Synch recently held an event about Blockchain applications and the associated legal risks and technical challenges. Usman Wahid and Marcus Pearl, both partners at the London-based law firm Berwin Leighton Paisner, participated as guest speakers together with Synch’s Sergii Shcherbak. |
Usman and Marcus presented the Blockchain basics. Blockchain is a secure immutable database shared by all parties in a distributed network. Every transaction broadcasted to the network is placed in a “block” with other pending transactions. The block then needs to be verified by the network for the transactions to be confirmed. Every block is associated with the previous one via hash. Hence, blockchain is essentially a ledger (“chain”) of transactions blocks linked to each other. Blockchains can be public or private. A public blockchain one, is a blockchain that everyone can read and write to. A private blockchain, on the other hand, is controlled by a party or set of parties which determine the read-write permissions. There are a number of initiatives, especially within the financial/insurance area where private blockchains are being tested and evaluated.
Blockchain enables smart contracts – basically, a code that automates a pre-agreed execution by auto-performing a defined set of transactions in response to a defined set of events.

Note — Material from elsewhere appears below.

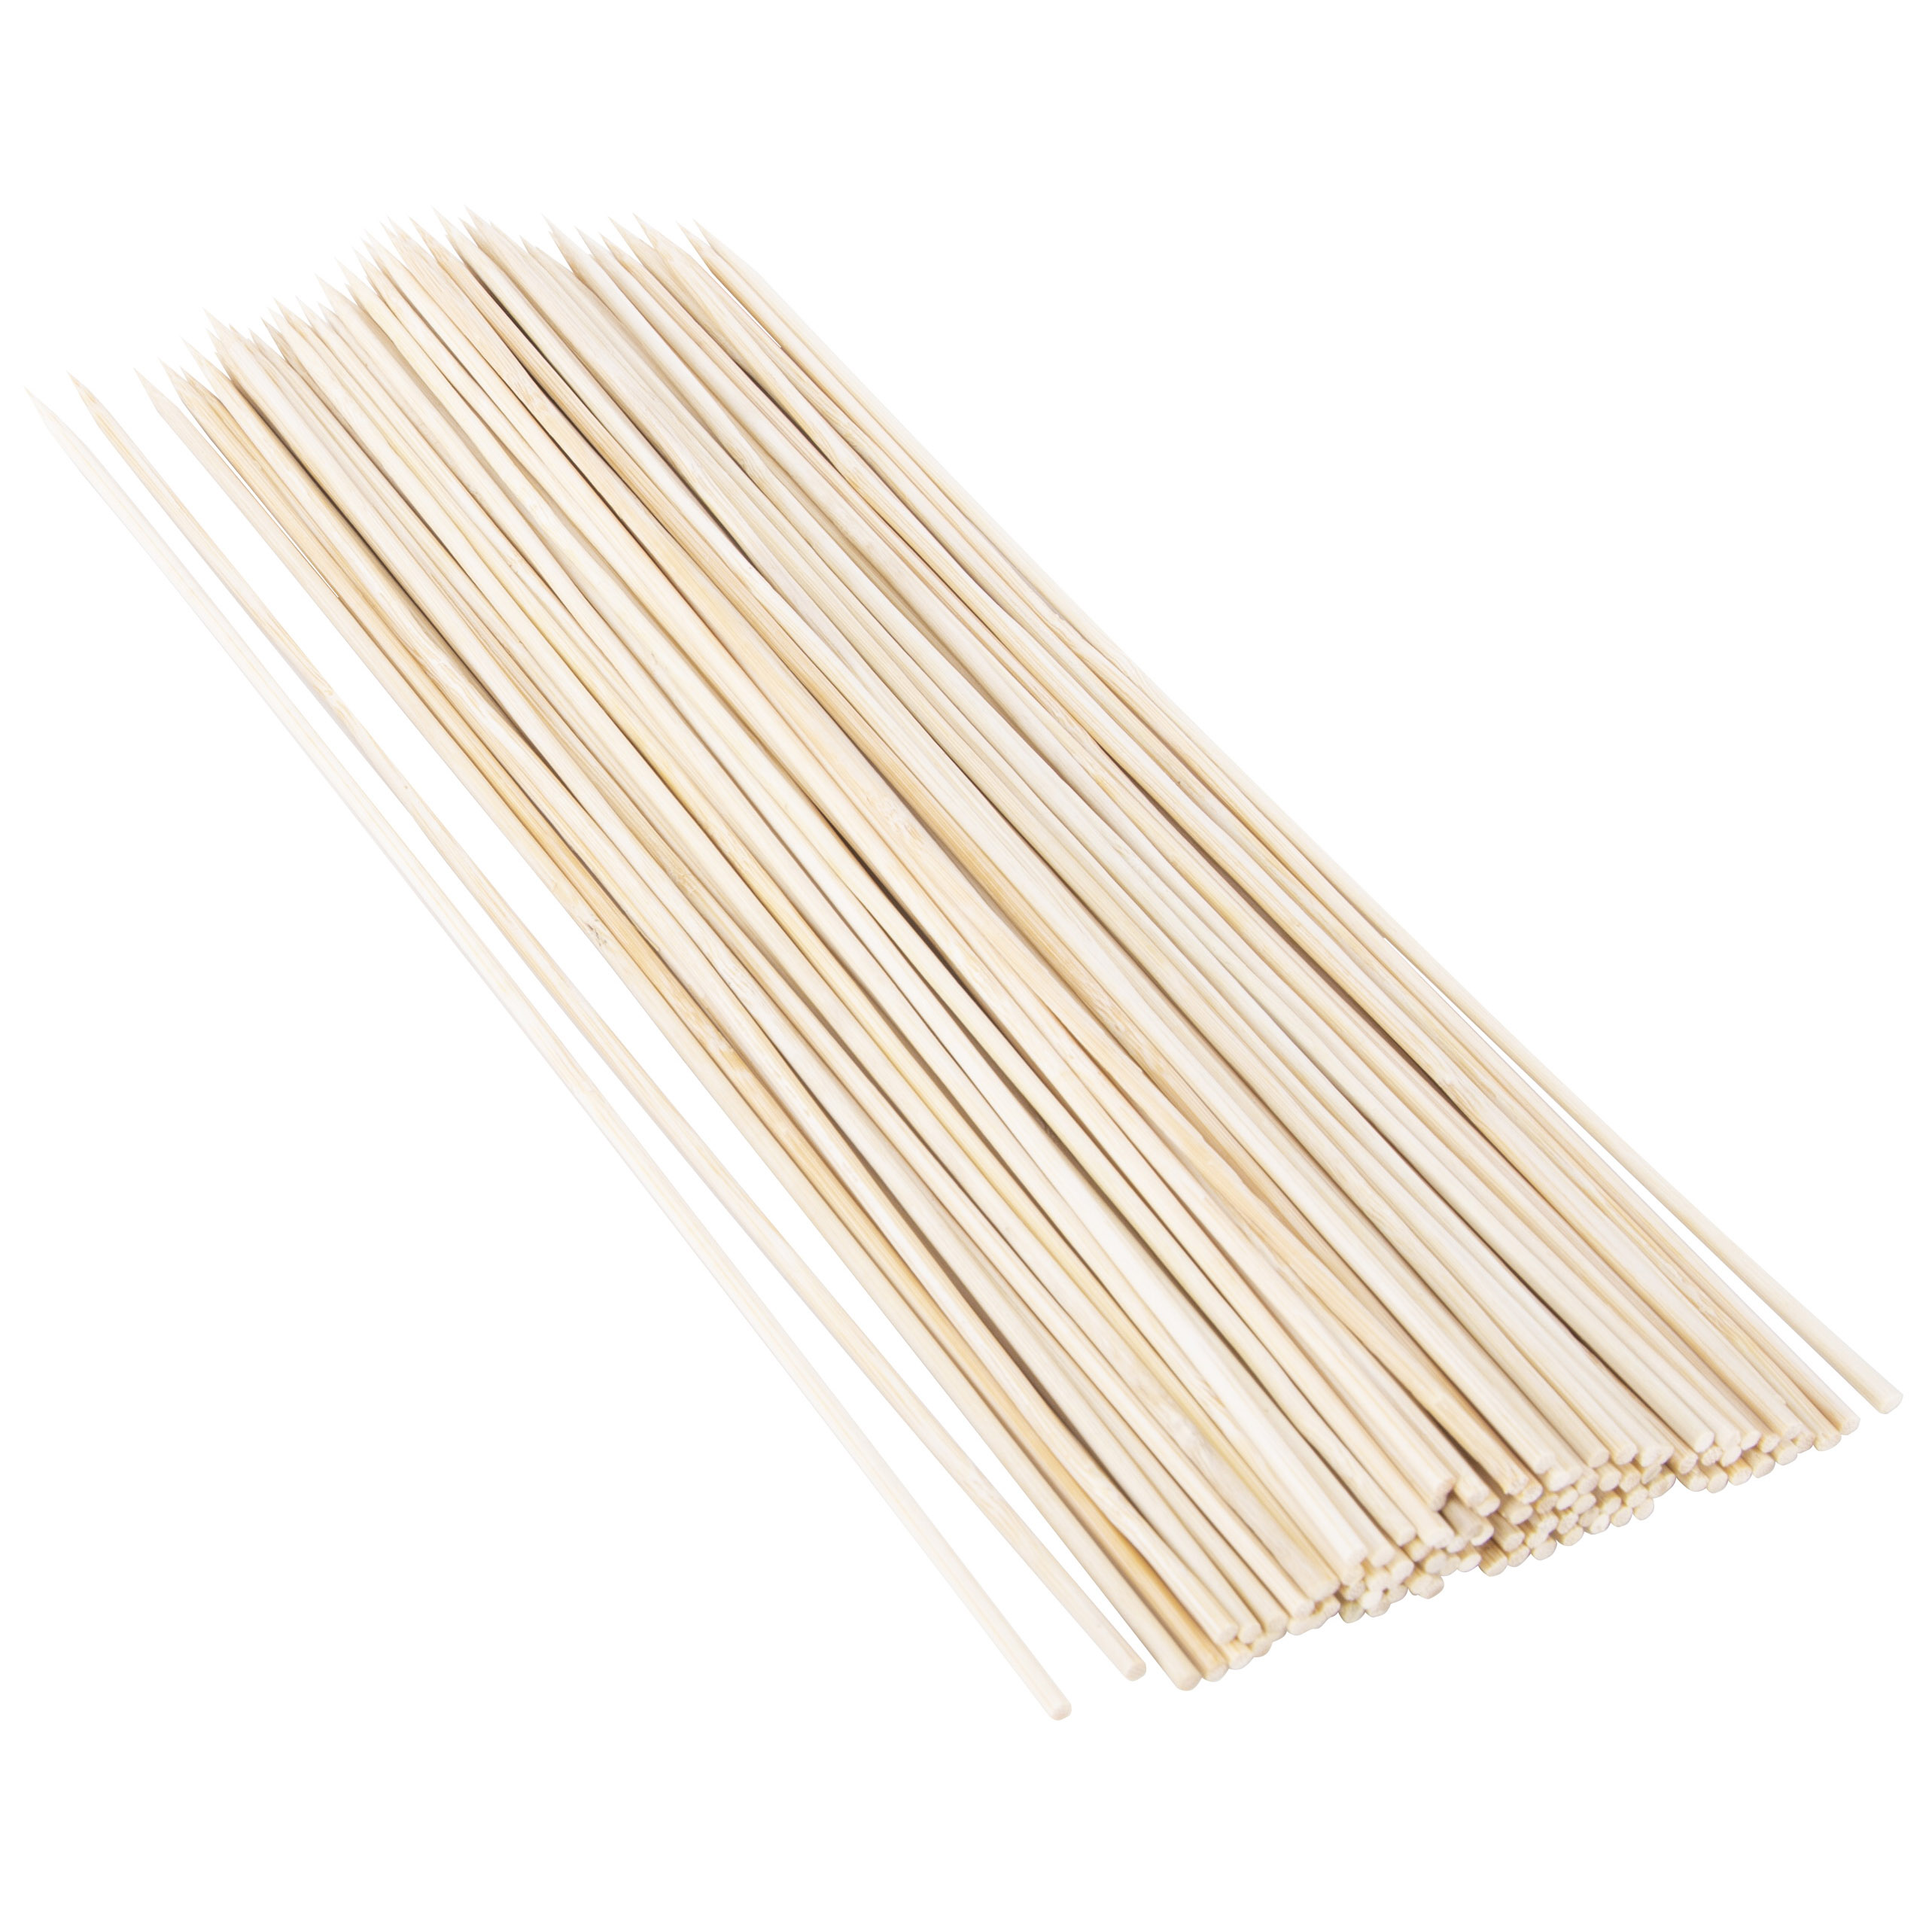 100 Pc Bamboo Skewers, 12 in L, Bamboo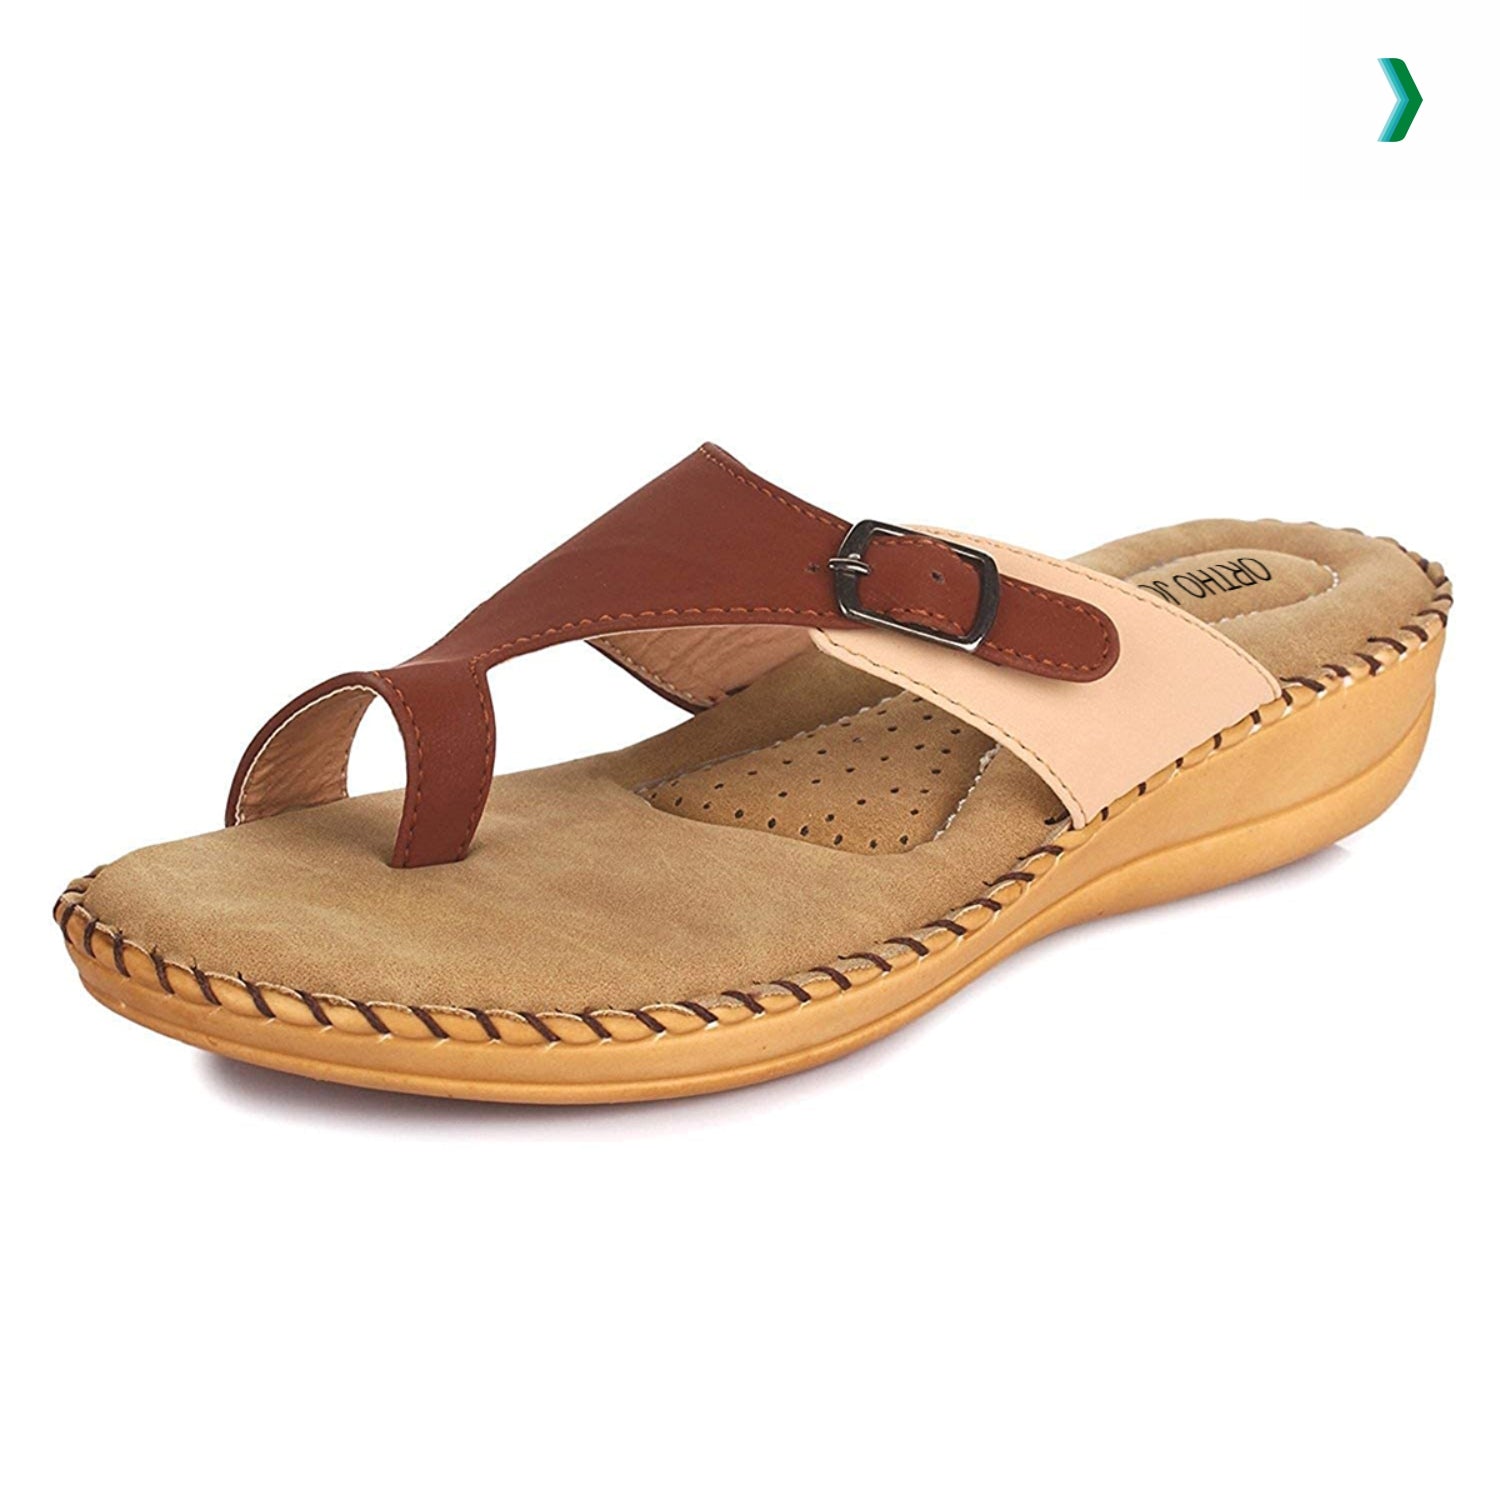 soft doctor chappal for ladies, best ortho slippers, ortho soft slippers

Blockchain is getting more and more traction due to its immutability, auditability of transactions and, primarily, its decentralised nature eliminating a middleman which has been traditionally necessary for verifying transactions, e.g. payments. In London, for example, Blockchain is actively researched and its applications are considered within banking and insurance sectors: Allianz and Nephila Capital have piloted the use of smart contracts for transacting a natural catastrophe swap; R3 is the largest alliance of banks and insurance companies focused on Blockchain globally; the Blockchain Insurance Industry Initiative (B3i) is a collaboration of insurers and reinsurers to explore Blockchain. Synch is currently testing Blockchain to explore its applications in legal services delivery.
Risks associated with the use of Blockchain were also considered. Legal risks include, for instance, the mechanism of expressing the parties’ intent in smart contracts, whose milestones and end-result are determined by responses to events that may be outside of control of the contracting parties, which therefore makes the performance of the contract unpredictable. In addition, provided that the upcoming EU data protection legislation (GDPR) generally prohibits legal effects on an individual based solely on fully-automatic processing of their personal data unless the individual has granted their explicit consent, there is a risk that the performance of such a smart contract would not fully reflect the scope of processing of personal data that the individual has consented to when entering into the contract. Therefore, depending on the complexity of a smart contract, a mechanism of incremental consent to different milestones of the contract were suggested to be considered.
Furthermore, there is also the lack of clarity of how a smart contract will be interpreted by courts, given that there is no traditional written agreement in place but rather a set of electronic instructions executed by code. Relevant case law is still lacking, and it remains to be seen how smart contracts will be challenged in courts.
There are also several technical challenges that delay mainstream adoption of Blockchain. For example, transactions are not instant. This is due to Blockchain’s decentralised consensus mechanism which requires each node fully participating in the network to process every broadcasted transaction and maintain a copy of the ever-growing (append-only) full ledger of all previous blocks to validate against. For instance, it usually takes around 10 minutes to confirm a block of Bitcoin transactions. The protection of sensitive data on a blockchain is also a challenge. For example, smart contracts on Ethereum, a Blockchain-based platform, are public, and so are their transaction data and the underlying code. This makes the use of smart contracts limited. Another challenge is data storage. Since Blockchain is append-only, all data inserted into the ledger will be stored infinitely. As a result, investing in a scalable storage solution is required for any mainstream application built on Blockchain.
Although the Blockchain technology looks promising, its broad commercial application has been limited mostly to crypto-currencies. Markets will test whether Blockchain is a real game-changer or just an alternative to existing data management solutions. There still are a number of legal issues and technical challenges to be resolved not least related to liability between the parties contracting through smart contracts.